Question

Carbon-14 decays at a constant rate, so it can be used to determine the age of fossils. In particular, if the original amount of Carbon-14 present is A0, then A(t) = A0e-kt can be used find the amount of amount of Carbon-14 remaining after t years.
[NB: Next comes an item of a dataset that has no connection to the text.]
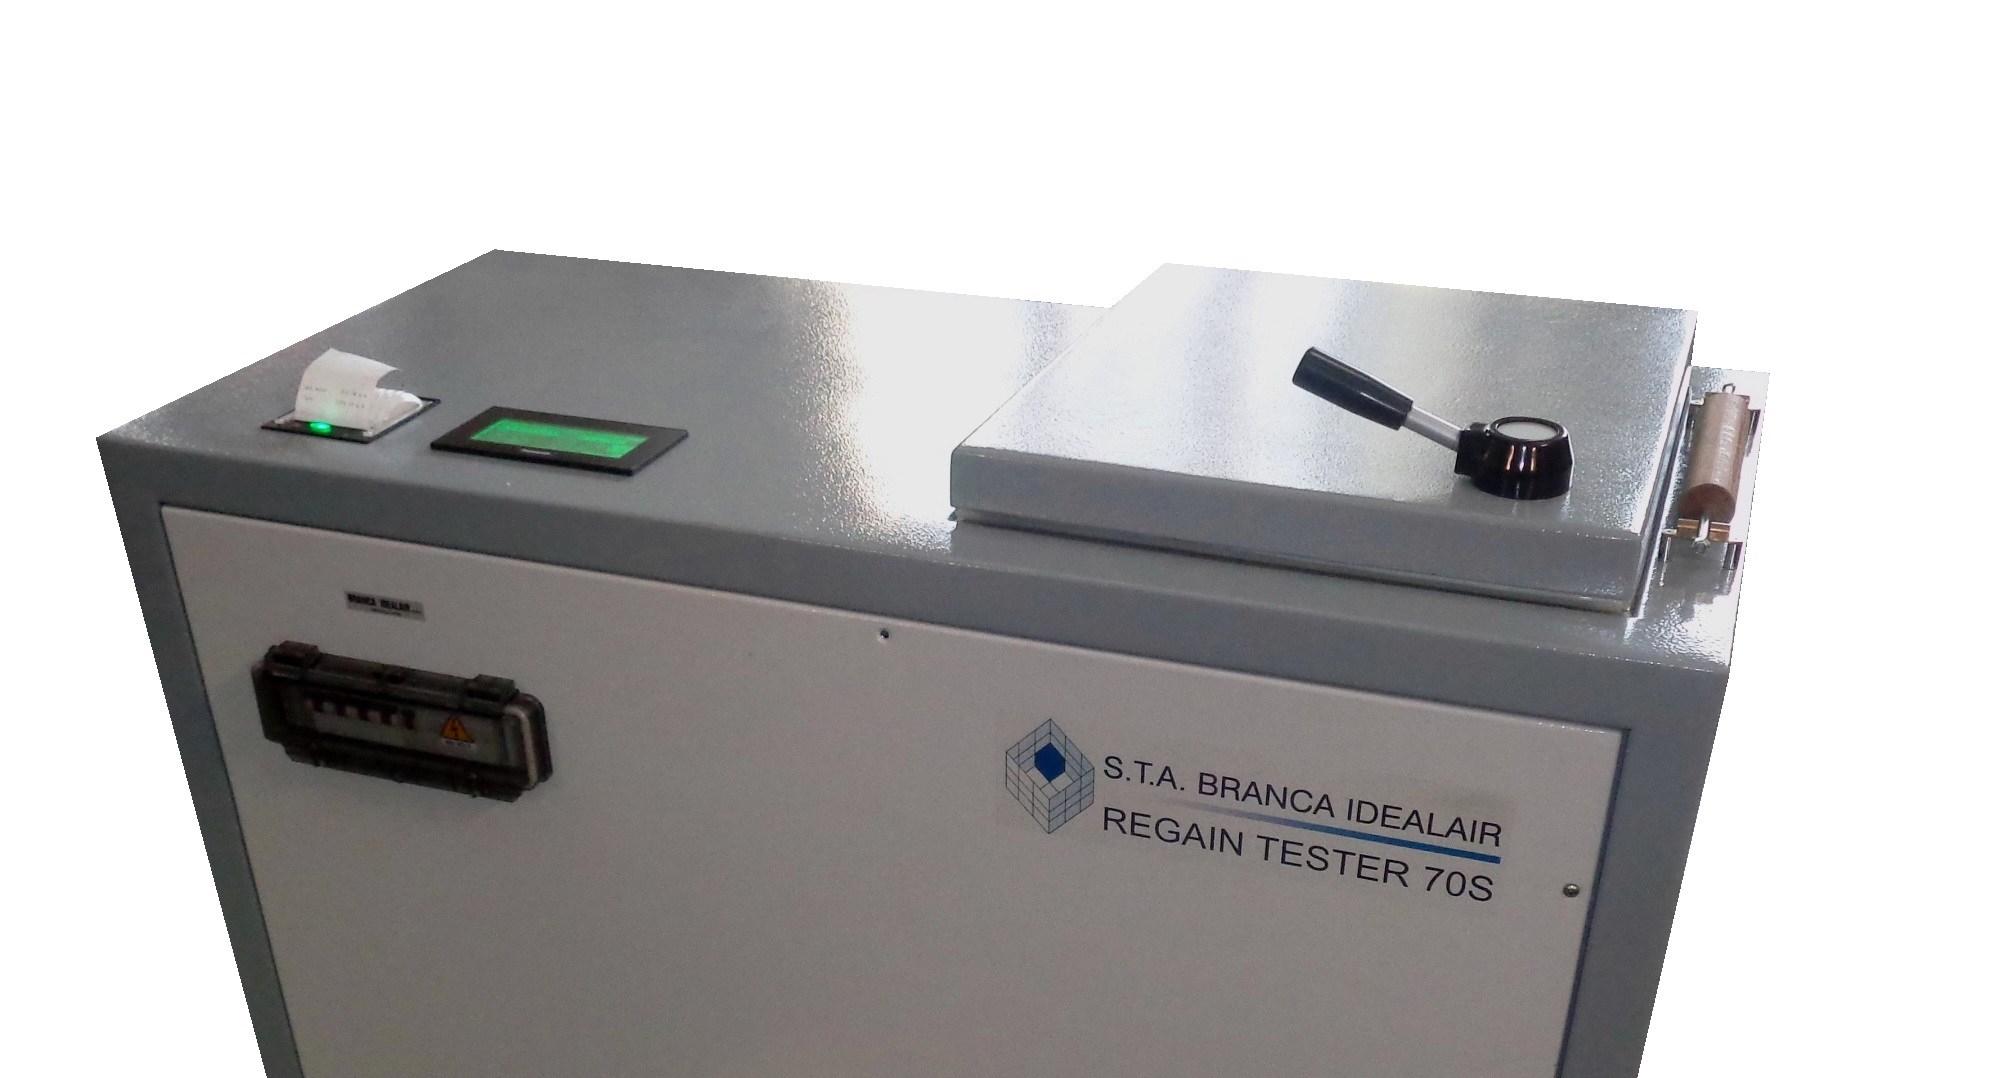 fibers-rapid-drying-oven

Given that the half-life of Carbon-14 is 5,730 years, what is the value of the decay constant k to 5 decimal places?

Answer 1

k = ln (.5) / Half-Life
k = -.693147 / 5,730

k = -0.0001209681

Answer 2

Value of the decay constant k = 0.00012

Explanation:

Formula to determine the age of the fossils by C-14 decay is given as

`A_(t)=A_(0)e^(-kt)`

where A(t) = C-14 remaining after t years

A0 = original amount of C-14

K = decay constant

t = time taken for decay

Now we have to calculate the value of constant k when half life of C-14 is given as 5730 years.

Since half life has been given therefore final amount after 5730 years will be A/2 and initial amount will be A.

Now the equation becomes as

`(A)/(2)=Ae^((-k)(5730))`

`(1)/(2)=e^(-5730k)`

Now by taking natural log on both the sides

`ln((1)/(2))=ln(e^(-5730k))`

ln 1 - ln2 = -5730k (since lne = 1)

0 - ln2 = -5730k

`0.63915=5730k`

k = 0.00012

Therefore k = 0.00012 is the answer.